I haven't confirmed that, but hopefully it'll help:

[  690.800861] ======================================================
[  690.800864] [ INFO: possible circular locking dependency detected ]
[  690.800877] 3.17.0-rc6-next-20140926-sasha-00051-g9253dff-dirty #1242 Not tainted
[  690.800881] -------------------------------------------------------
[  690.800887] trinity-c95/17888 is trying to acquire lock:
[  690.800925] (&(&pool->lock)->rlock){..-.-.}, at: __queue_work (kernel/workqueue.c:1325)
[  690.800929]
[  690.800929] but task is already holding lock:
[  690.800955] (&ctx->lock){-.-...}, at: perf_lock_task_context (kernel/events/core.c:988)
[  690.800958]
[  690.800958] which lock already depends on the new lock.
[  690.800958]
[  690.800960]
[  690.800960] the existing dependency chain (in reverse order) is:
[  690.800971]
[  690.800971] -> #3 (&ctx->lock){-.-...}:
[  690.800990] lock_acquire (kernel/locking/lockdep.c:3610)

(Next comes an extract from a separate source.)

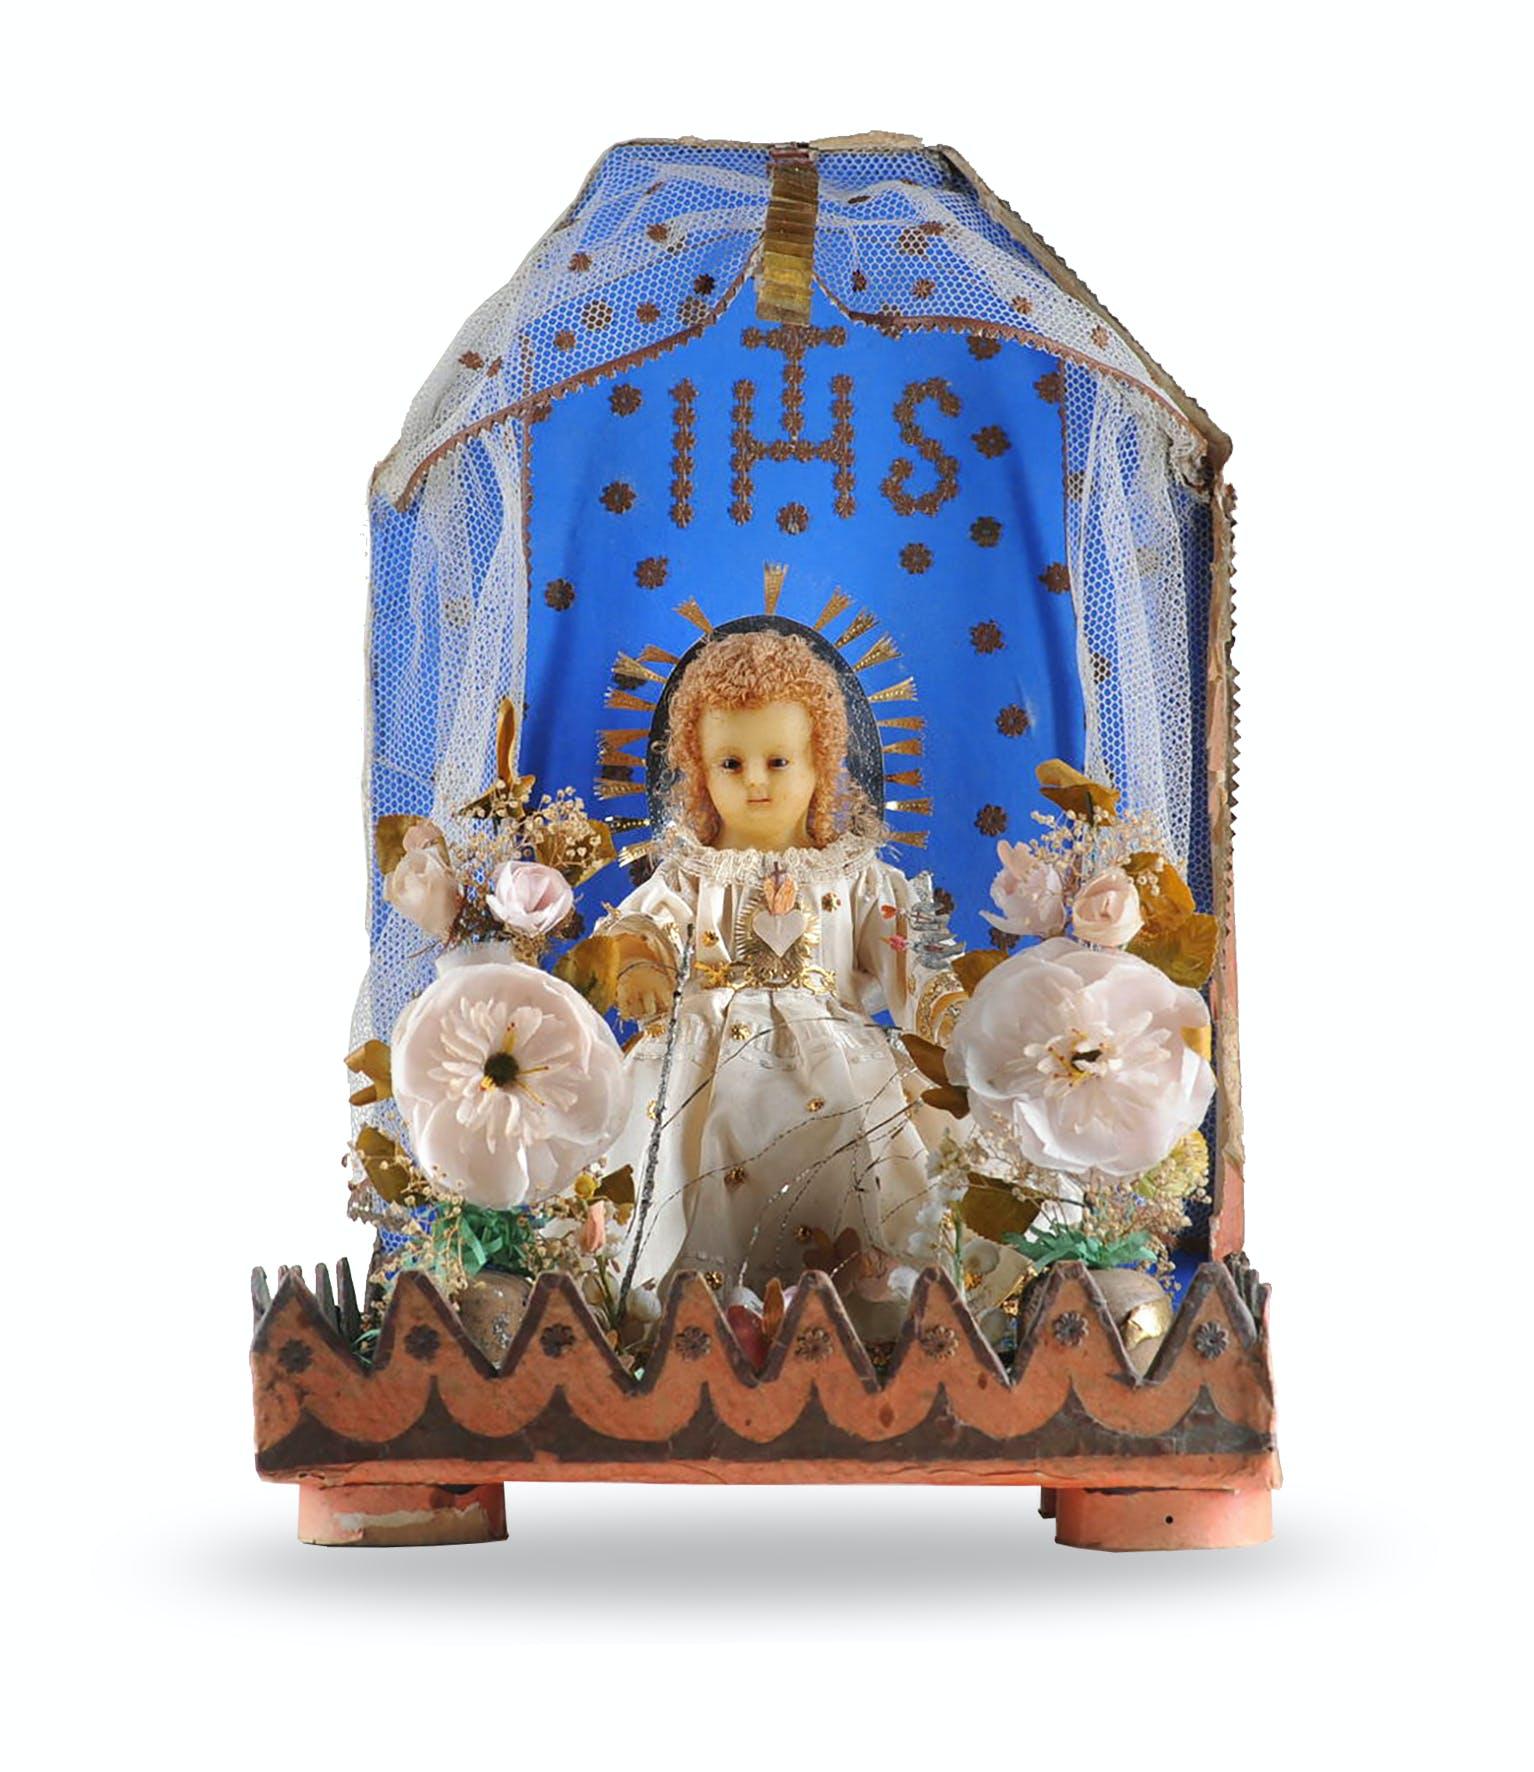 7. Häuschen mit Jesuskind, Klosterarbeit, 20 x 30 x 5 cm, Herkunft unbekannt, wohl um 1900

[  690.801006] _raw_spin_lock (include/linux/spinlock_api_smp.h:143 kernel/locking/spinlock.c:151)
[  690.801023] __perf_event_task_sched_out (kernel/events/core.c:2419 kernel/events/core.c:2445)
[  690.801040] perf_event_task_sched_out (include/linux/perf_event.h:714)
[  690.801051] __schedule (kernel/sched/core.c:2178 kernel/sched/core.c:2216 kernel/sched/core.c:2336 kernel/sched/core.c:2858)
[  690.801061] preempt_schedule_irq (./arch/x86/include/asm/paravirt.h:814 kernel/sched/core.c:2975)
[  690.801075] retint_kernel (arch/x86/kernel/entry_64.S:920)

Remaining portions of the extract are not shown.